Available data:
--

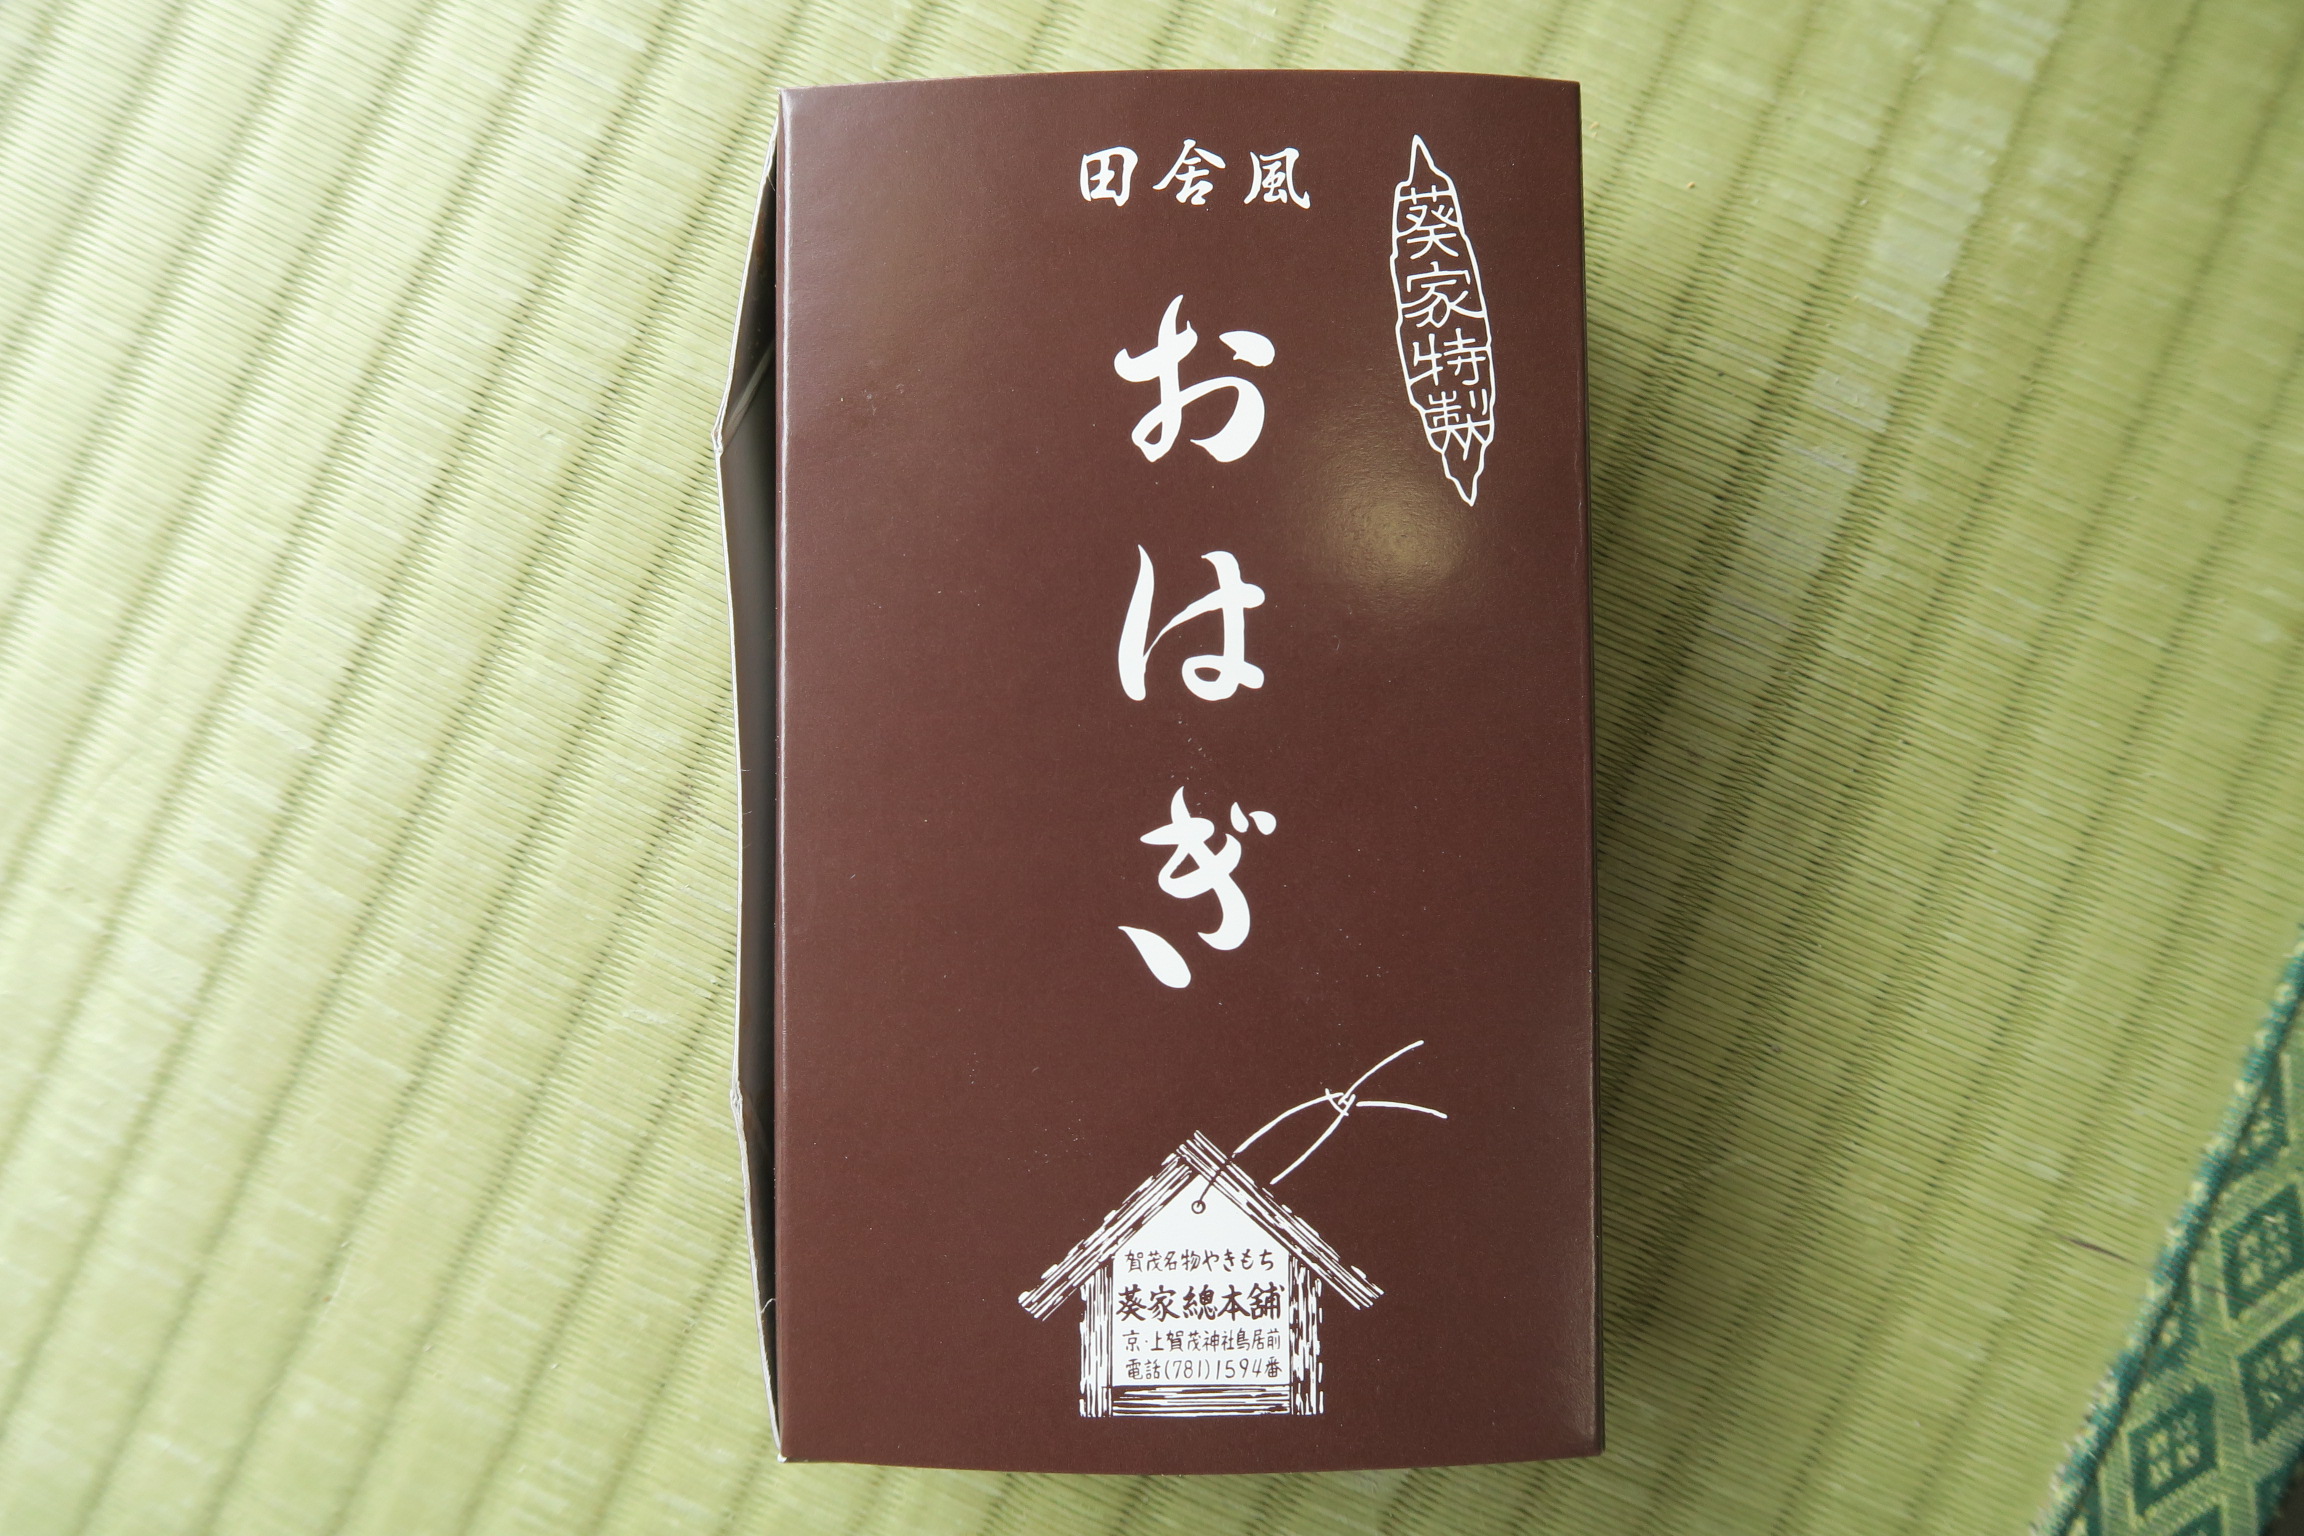 上賀茂神社を出たところにある「葵家総本舗」に売っていたおはぎを食べてみました。やきもちが有名なお店。
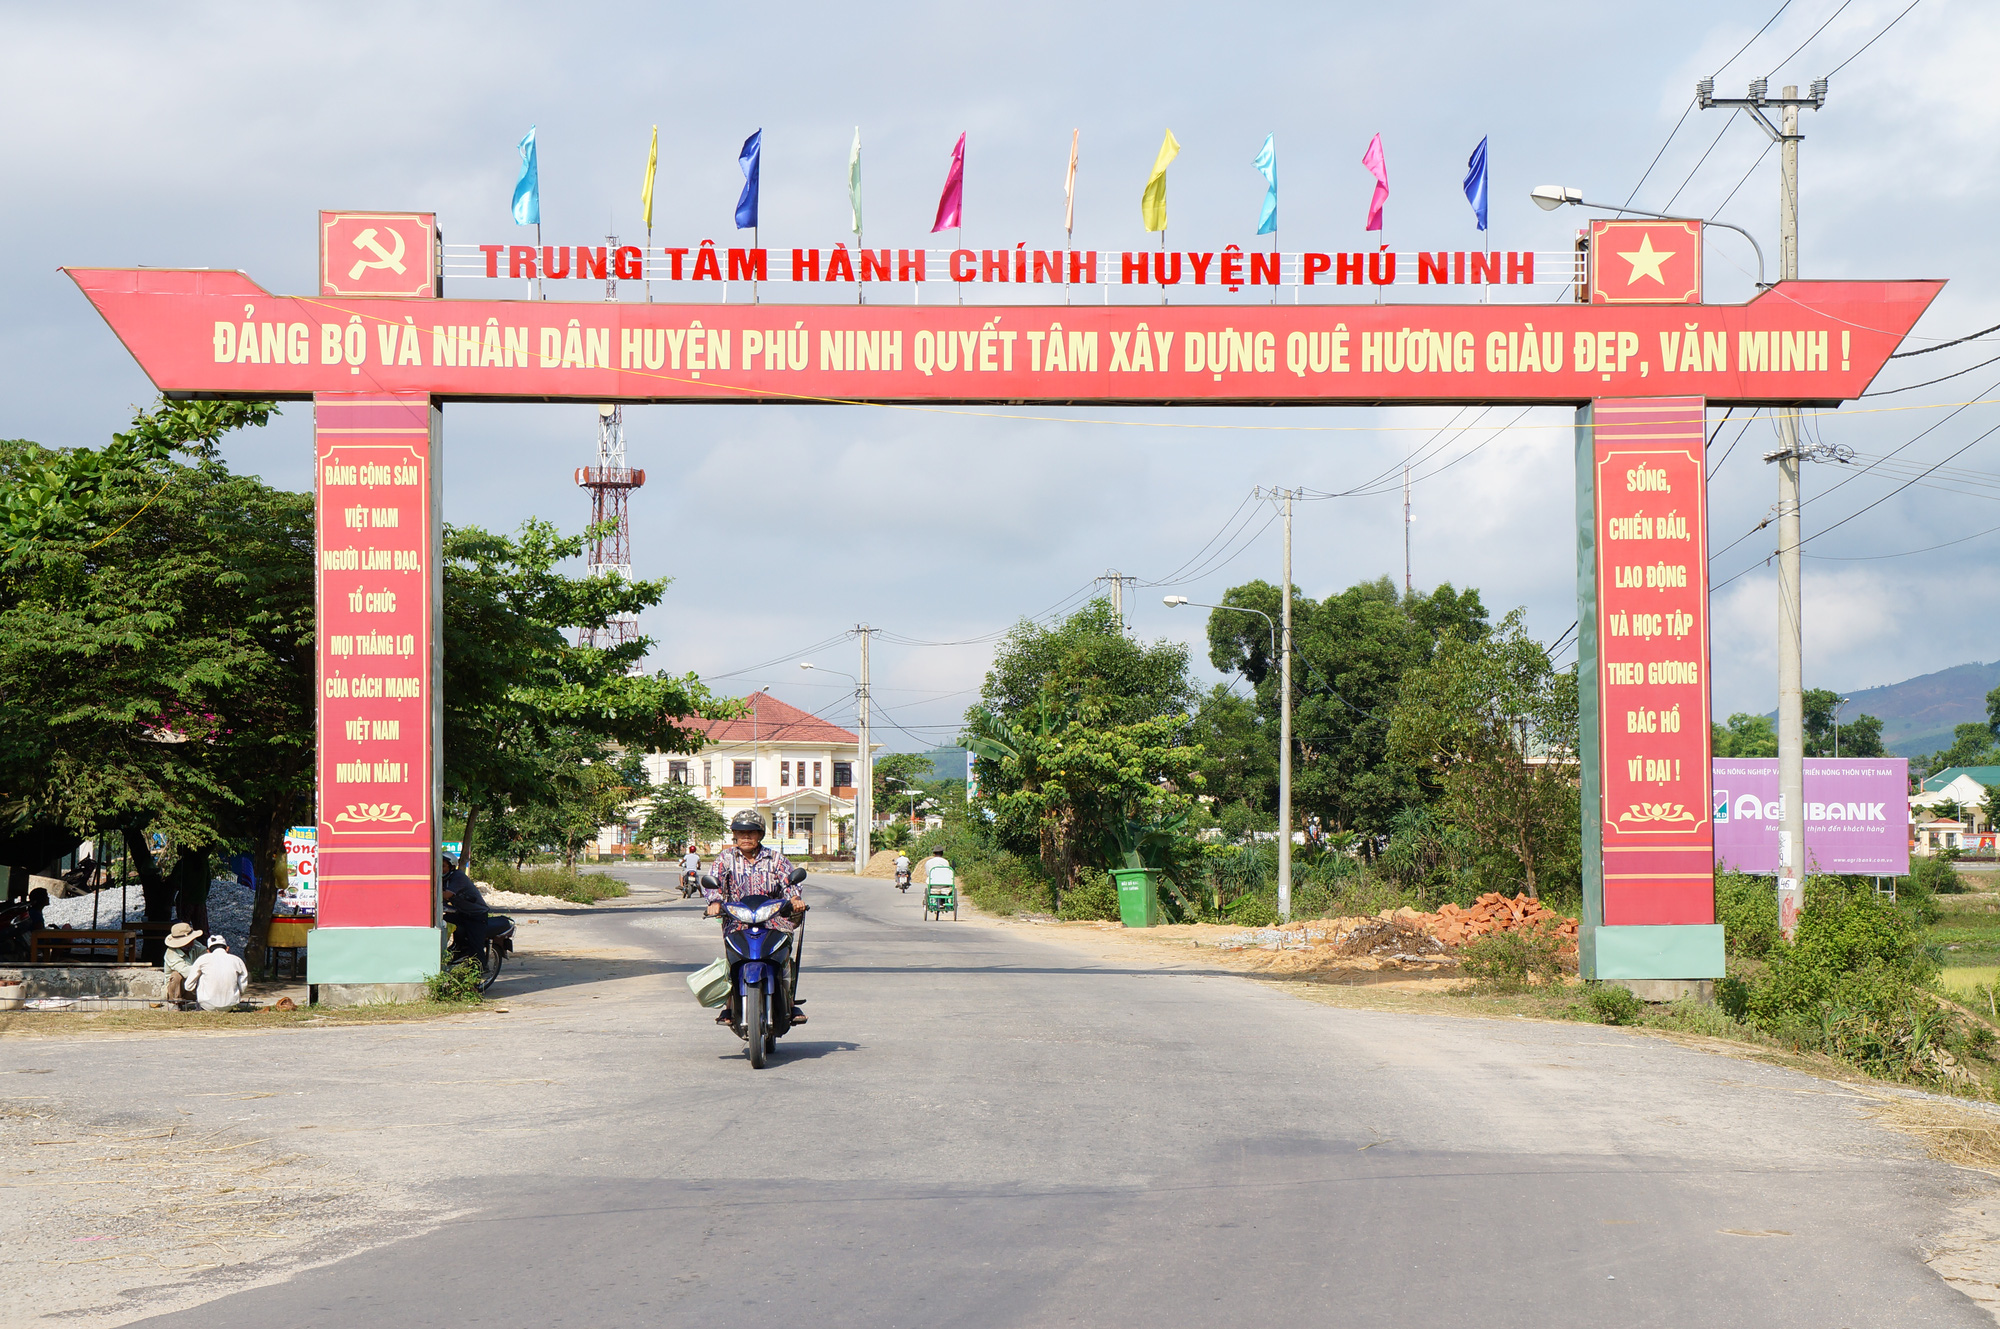 10 năm xây dựng NTM, Quảng Nam có 116 xã đạt chuẩn - Ảnh 3.
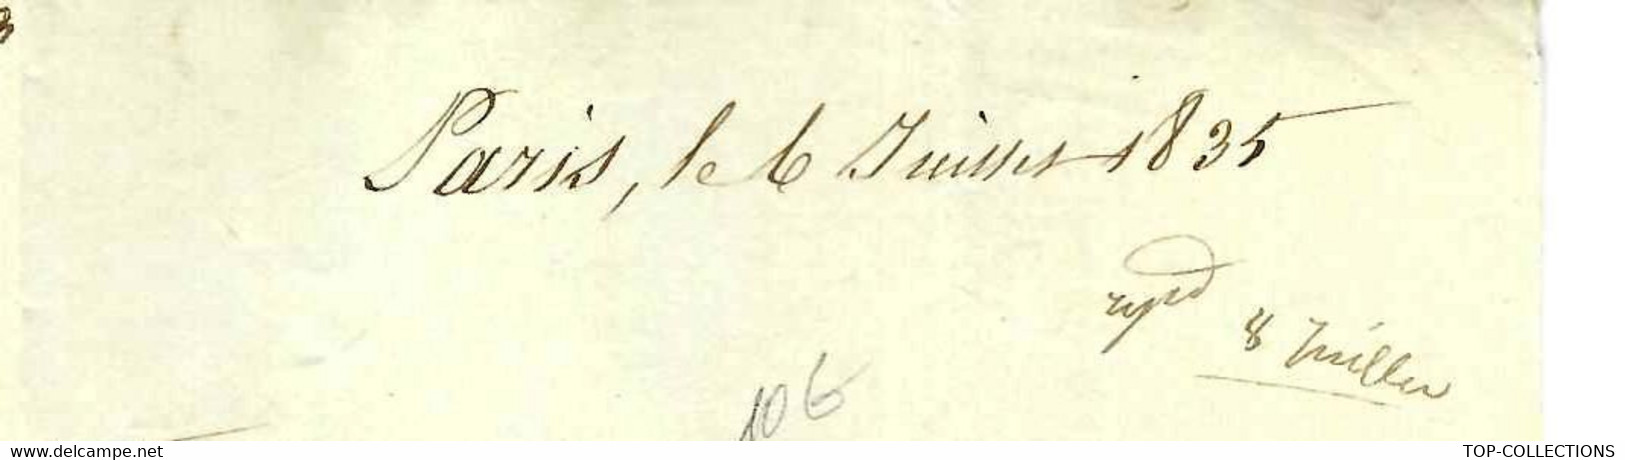 1835 De Paris Lettre Signée Marque Postale Bureau De La Maison Du Roi  COMMANDE DE TUYAUX DESSIN SUR LA LETTRE - Historische Dokumente
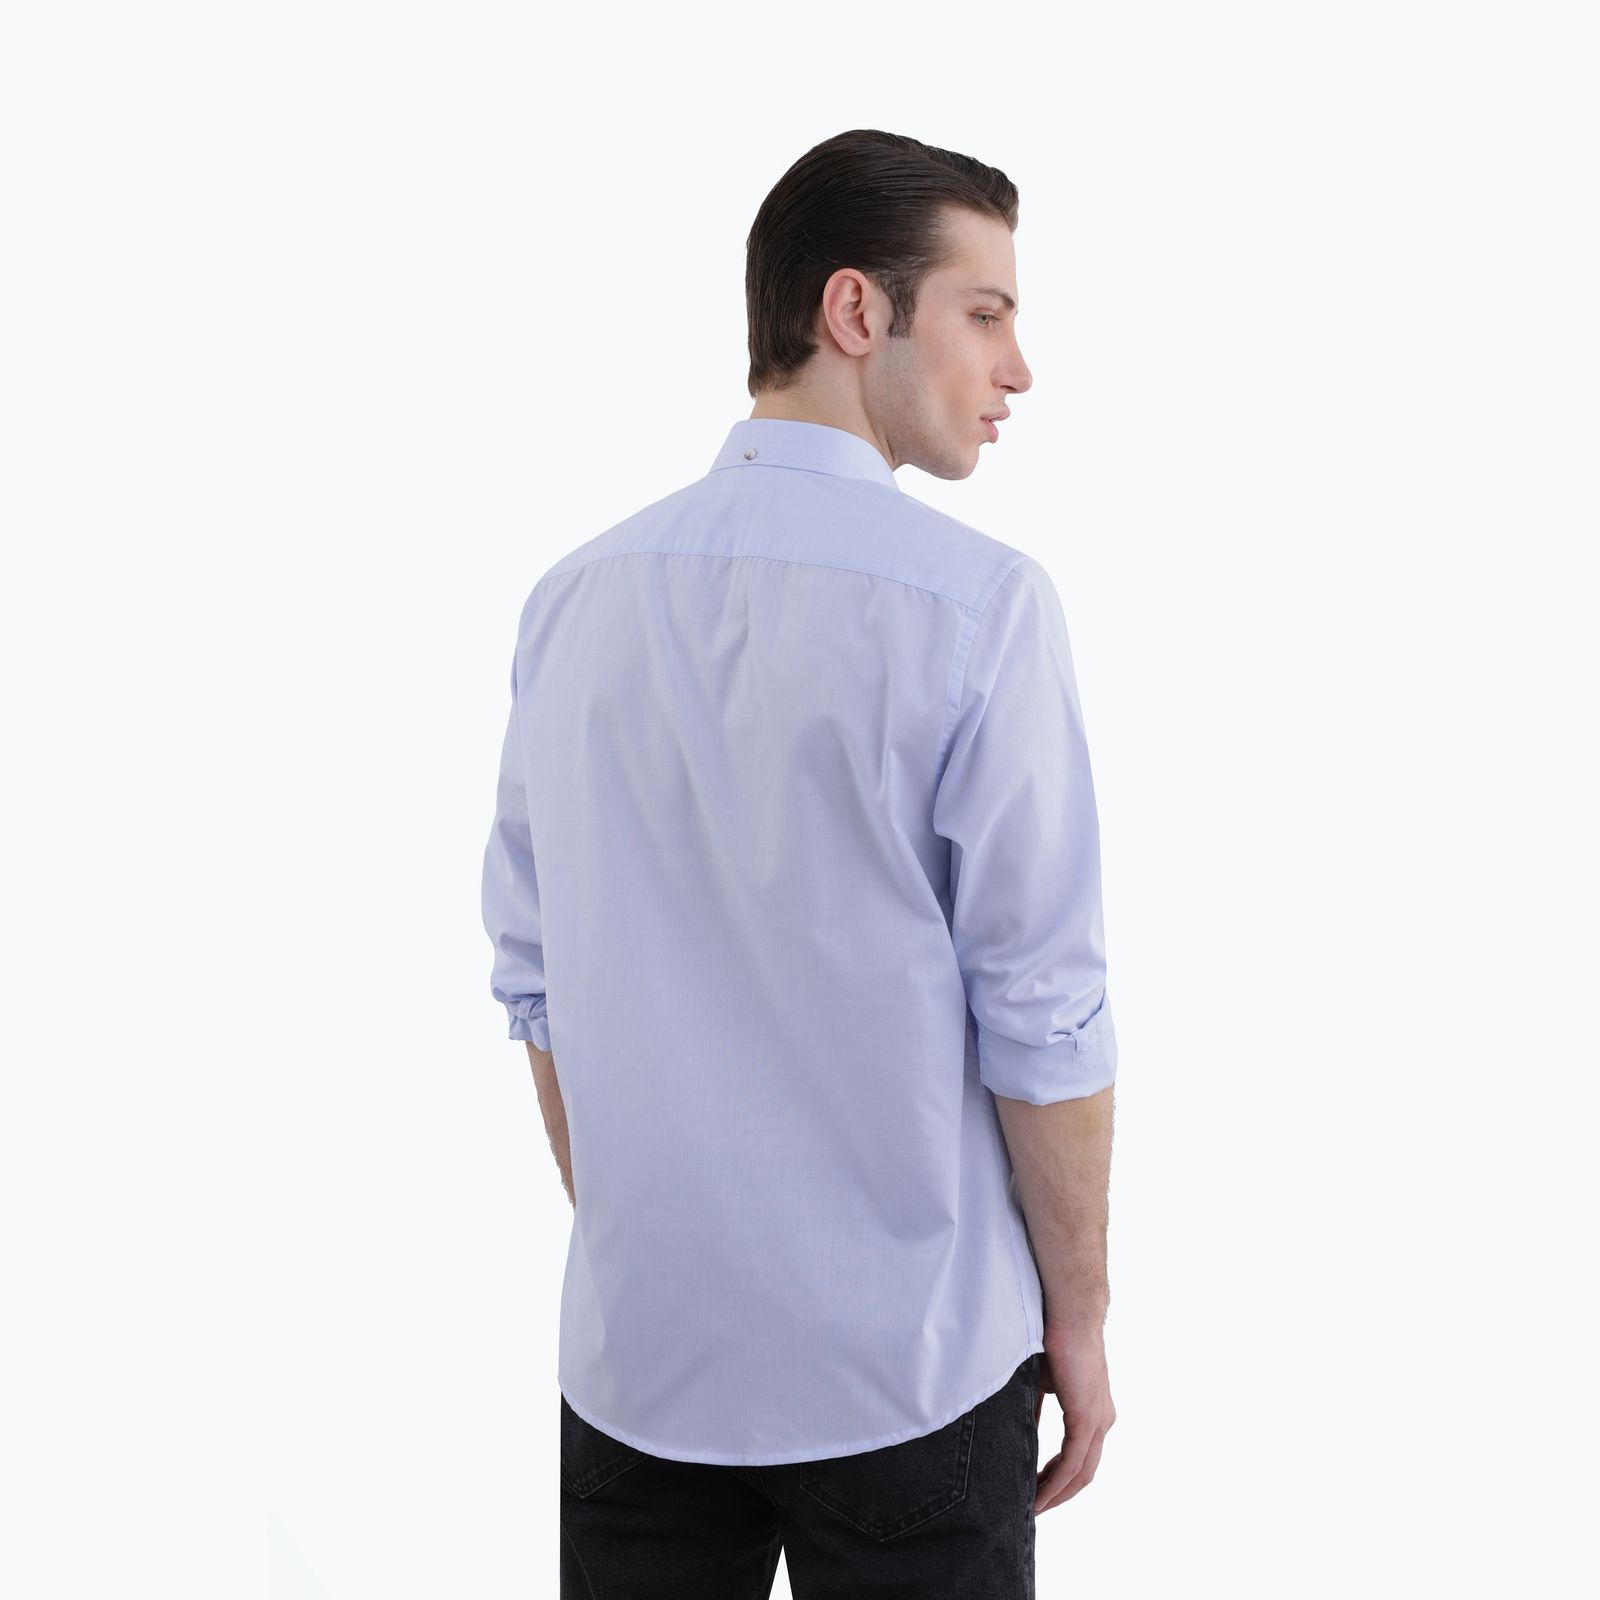 پیراهن آستین بلند مردانه پاتن جامه مدل 102721020300304 -  - 5

--

Brief: Please output all of the data exactly as given, omitting any images it holds.

Response:
 上賀茂神社を出たところにある「葵家総本舗」に売っていたおはぎを食べてみました。やきもちが有名なお店。
 10 năm xây dựng NTM, Quảng Nam có 116 xã đạt chuẩn - Ảnh 3.
 1835 De Paris Lettre Signée Marque Postale Bureau De La Maison Du Roi  COMMANDE DE TUYAUX DESSIN SUR LA LETTRE - Historische Dokumente
 پیراهن آستین بلند مردانه پاتن جامه مدل 102721020300304 -  - 5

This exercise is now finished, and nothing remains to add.